Selection always proceeds in batches of matrix cells; only
select_best(..., max_concurrent=...) matters (parallel is ignored).
observation_budget_fraction or, equivalently, sample_fraction (same meaning
as in :class:RandomSearchModelSelector / Bayesian: fraction of the search budget —
here, fraction of matrix cells to observe) caps evaluations. 1.0 fills the
full grid; 0.1 stops after about 10% of cells. If both are passed, sample_fraction
wins.
agentopt.model_selection.matrix_ucb.MatrixUCBLRFModelSelector
¶
Matrix UCB with low-rank factorization uncertainty (ensemble ALS), per banditeval.
Warmup and main-phase cell batches use select_best(..., max_concurrent=...).
Cell budget: observation_budget_fraction or sample_fraction (see
:class:MatrixUCBModelSelector). Warmup threshold: warmup_percentage or
warmup_fraction — random probes until this fraction of the full grid is
observed, then LRF+UCB (banditeval-style).

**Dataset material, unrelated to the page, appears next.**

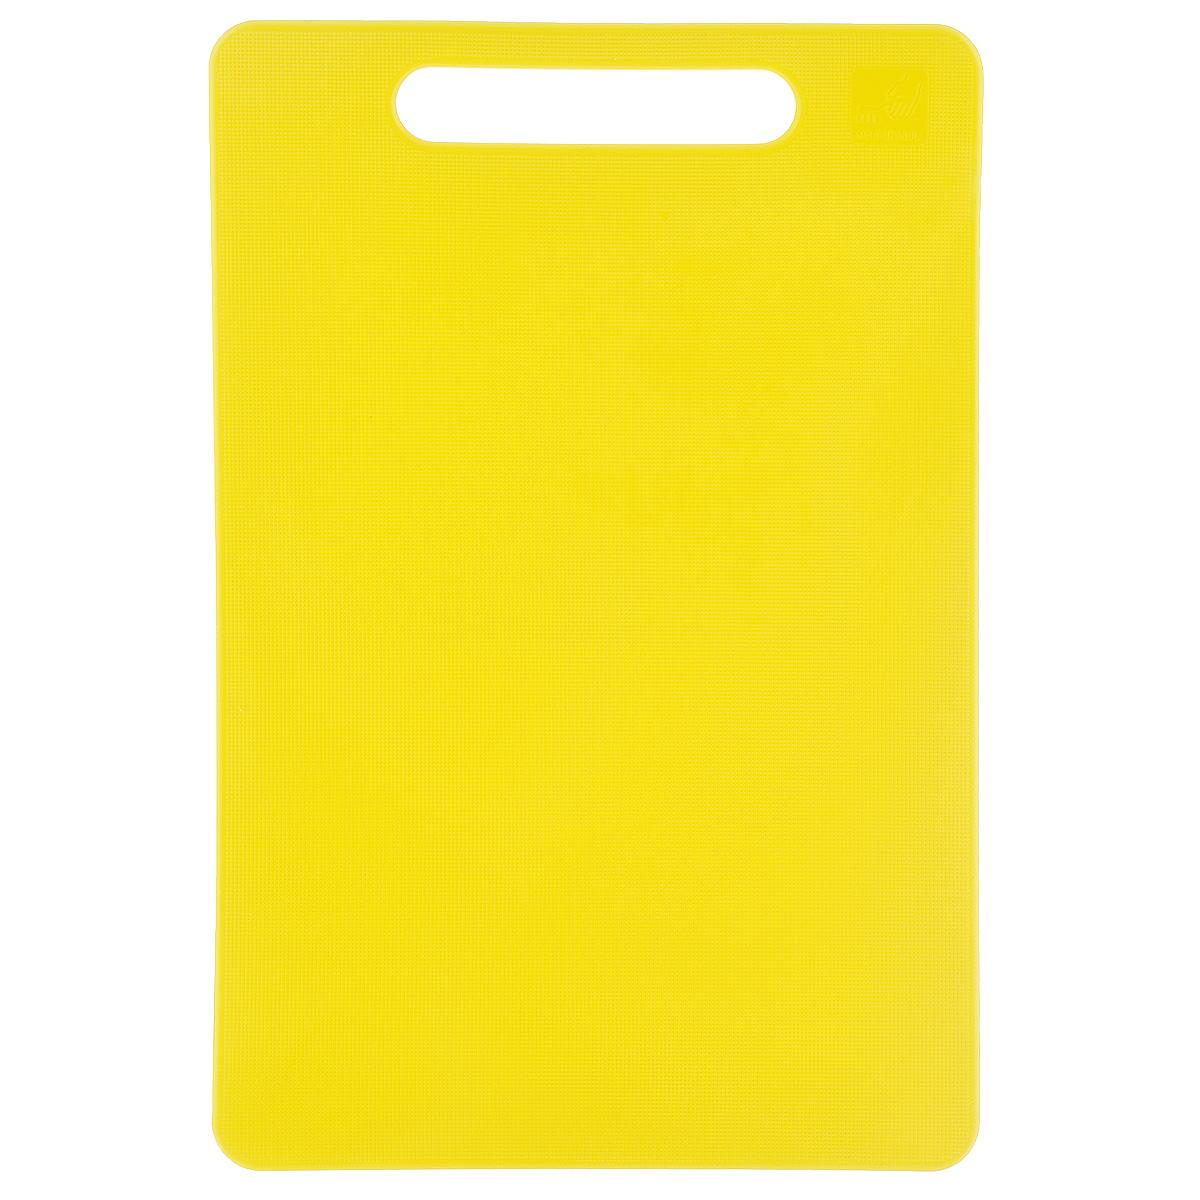 Доска разделочная Kesper, цвет: желтый, 24 х 15 см3046-2Яркая разделочная доска Kesper прекрасно подходит для разделки всех видов пищевых продуктов. Изготовлена из одноцветного прочного пластика. Изделие оснащено отверстием для подвешивания на крючок.Можно мыть в посудомоечной машине.

agentopt.model_selection.threshold_successive_elimination.ThresholdBanditSEModelSelector
¶
Select models via threshold-based successive elimination.
agentopt.model_selection.lm_proposal.LMProposalModelSelector
¶
Model selector where an LLM proposes the single best combination.
agentopt.model_selection.bayesian_optimization.BayesianOptimizationModelSelector
¶
Select models via Bayesian optimization.